== Your goal ==
Word for word, restate the lines of the listing below from the line with "congrés internacional de" through the line with "10 ข้อ ในการเลือกนายกฯ", and do not include the pictures.

== Extracted material ==

----

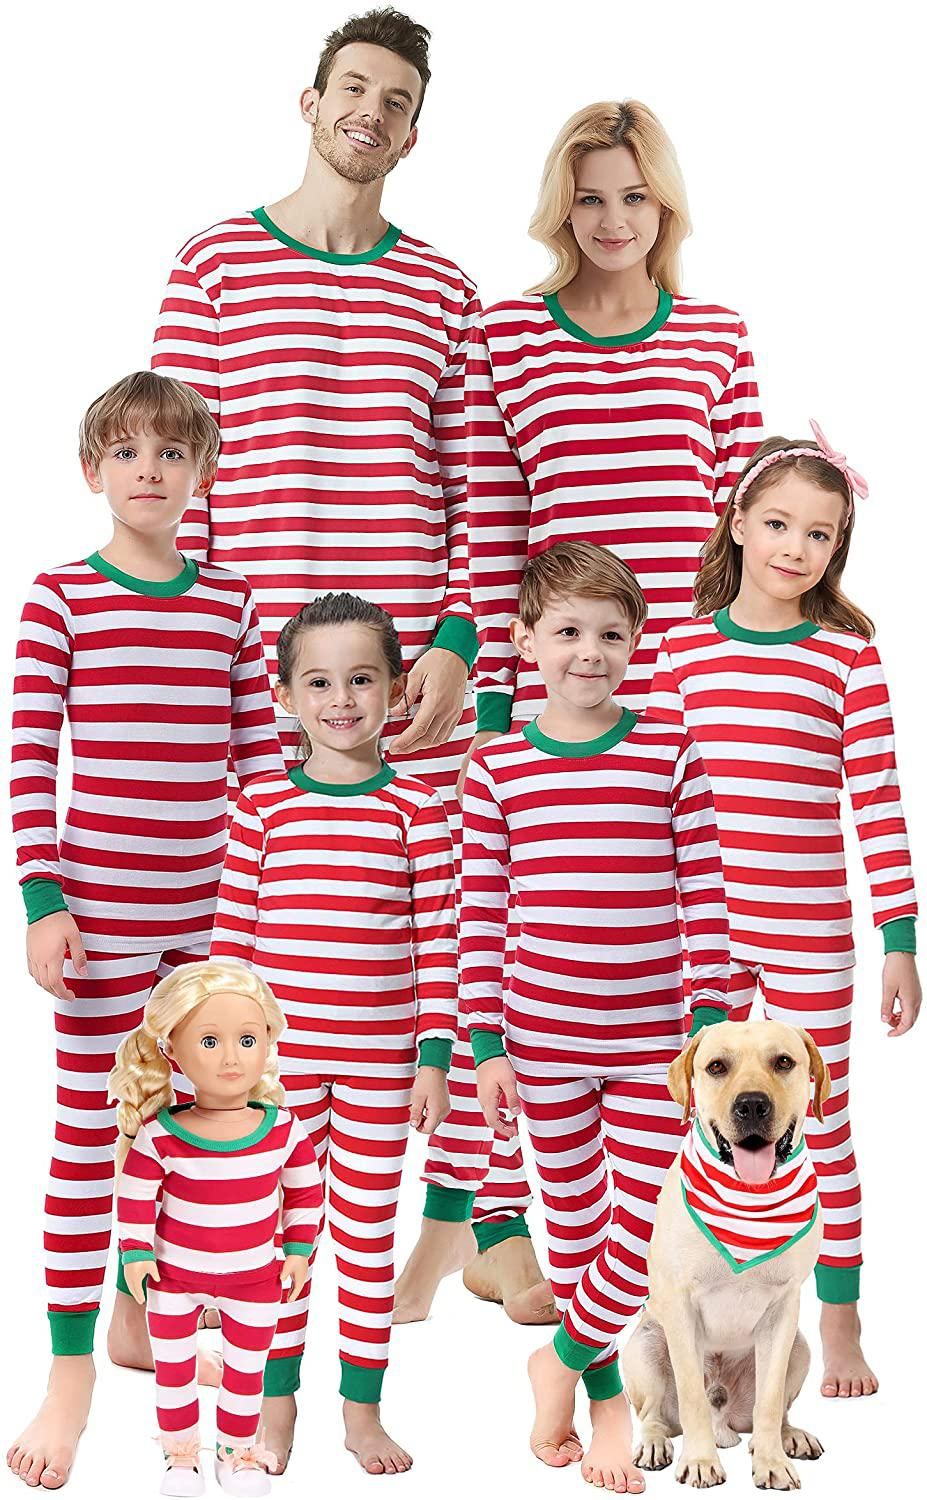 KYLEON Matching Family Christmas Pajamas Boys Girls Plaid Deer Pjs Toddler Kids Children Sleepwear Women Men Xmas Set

----

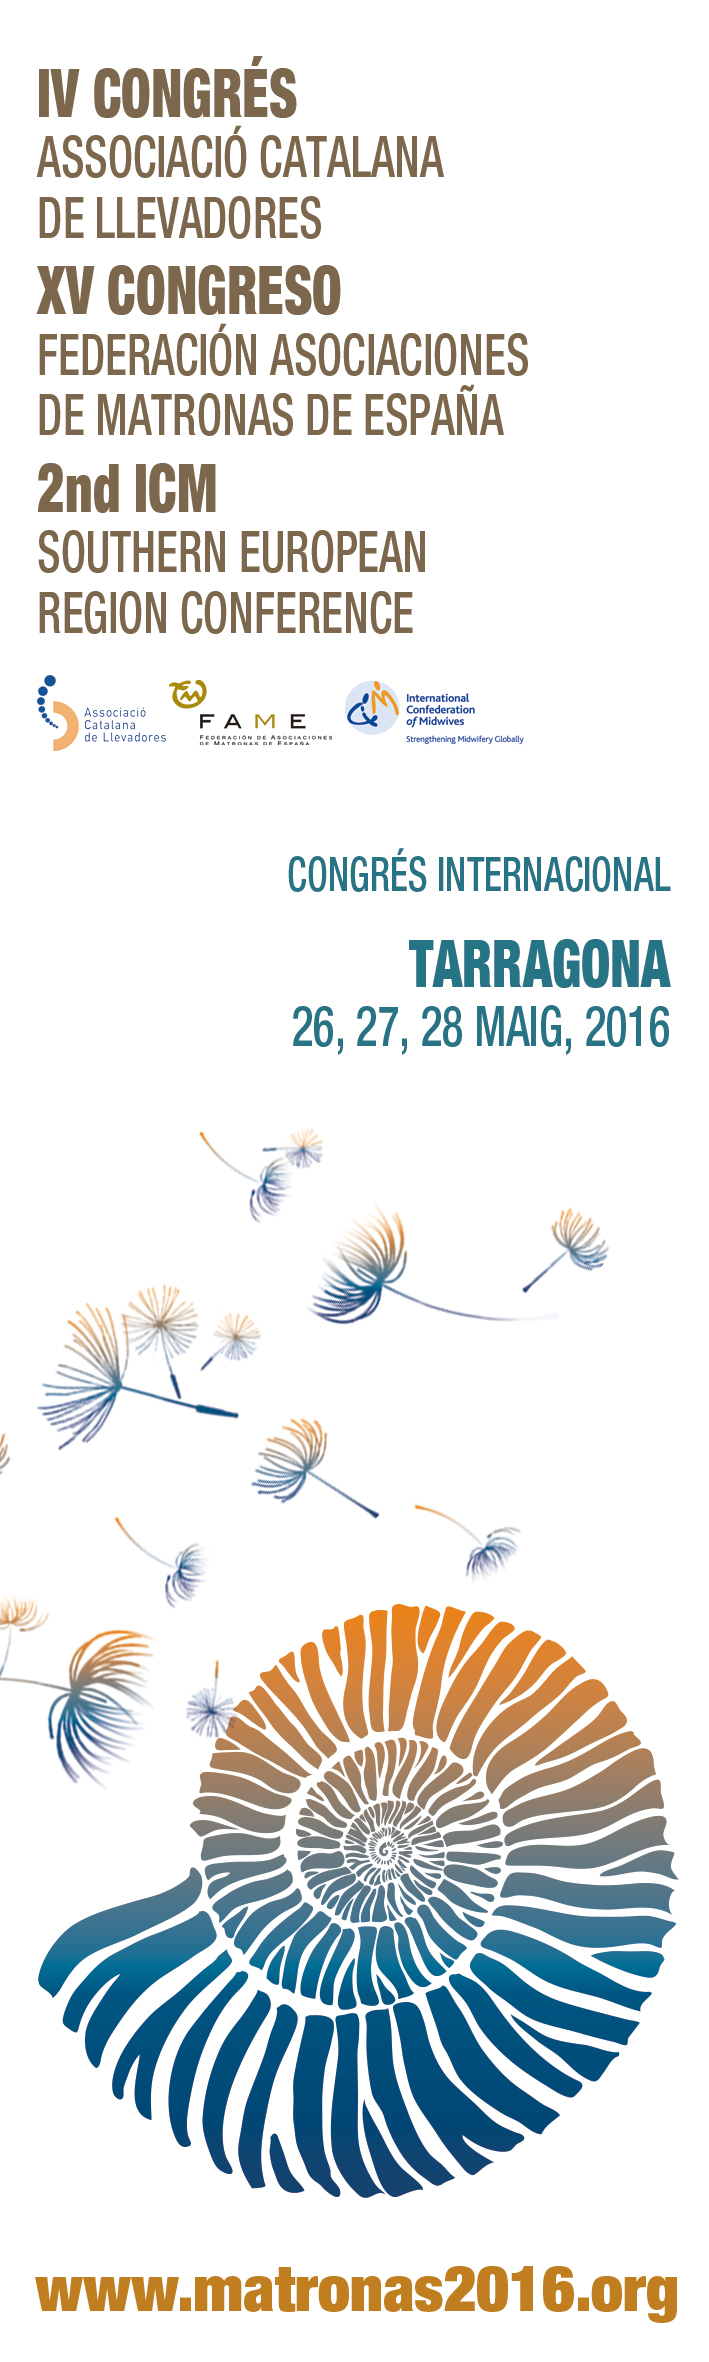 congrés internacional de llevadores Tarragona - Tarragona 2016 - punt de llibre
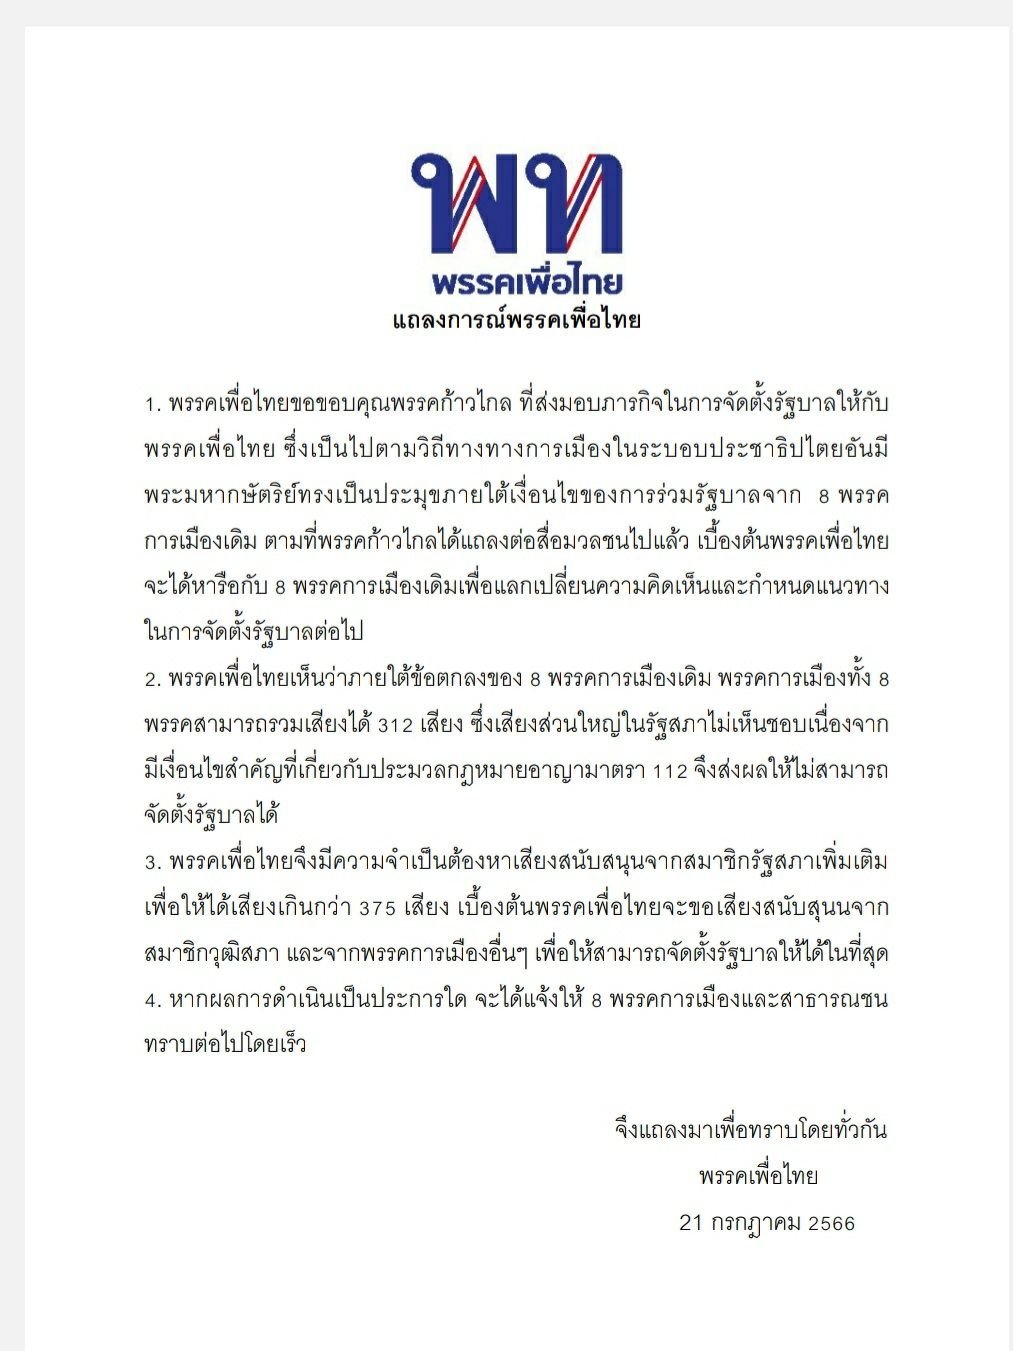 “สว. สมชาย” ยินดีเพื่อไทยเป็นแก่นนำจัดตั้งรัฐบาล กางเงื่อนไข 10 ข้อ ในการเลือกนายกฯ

----

== Task output ==
 congrés internacional de llevadores Tarragona - Tarragona 2016 - punt de llibre
 “สว. สมชาย” ยินดีเพื่อไทยเป็นแก่นนำจัดตั้งรัฐบาล กางเงื่อนไข 10 ข้อ ในการเลือกนายกฯ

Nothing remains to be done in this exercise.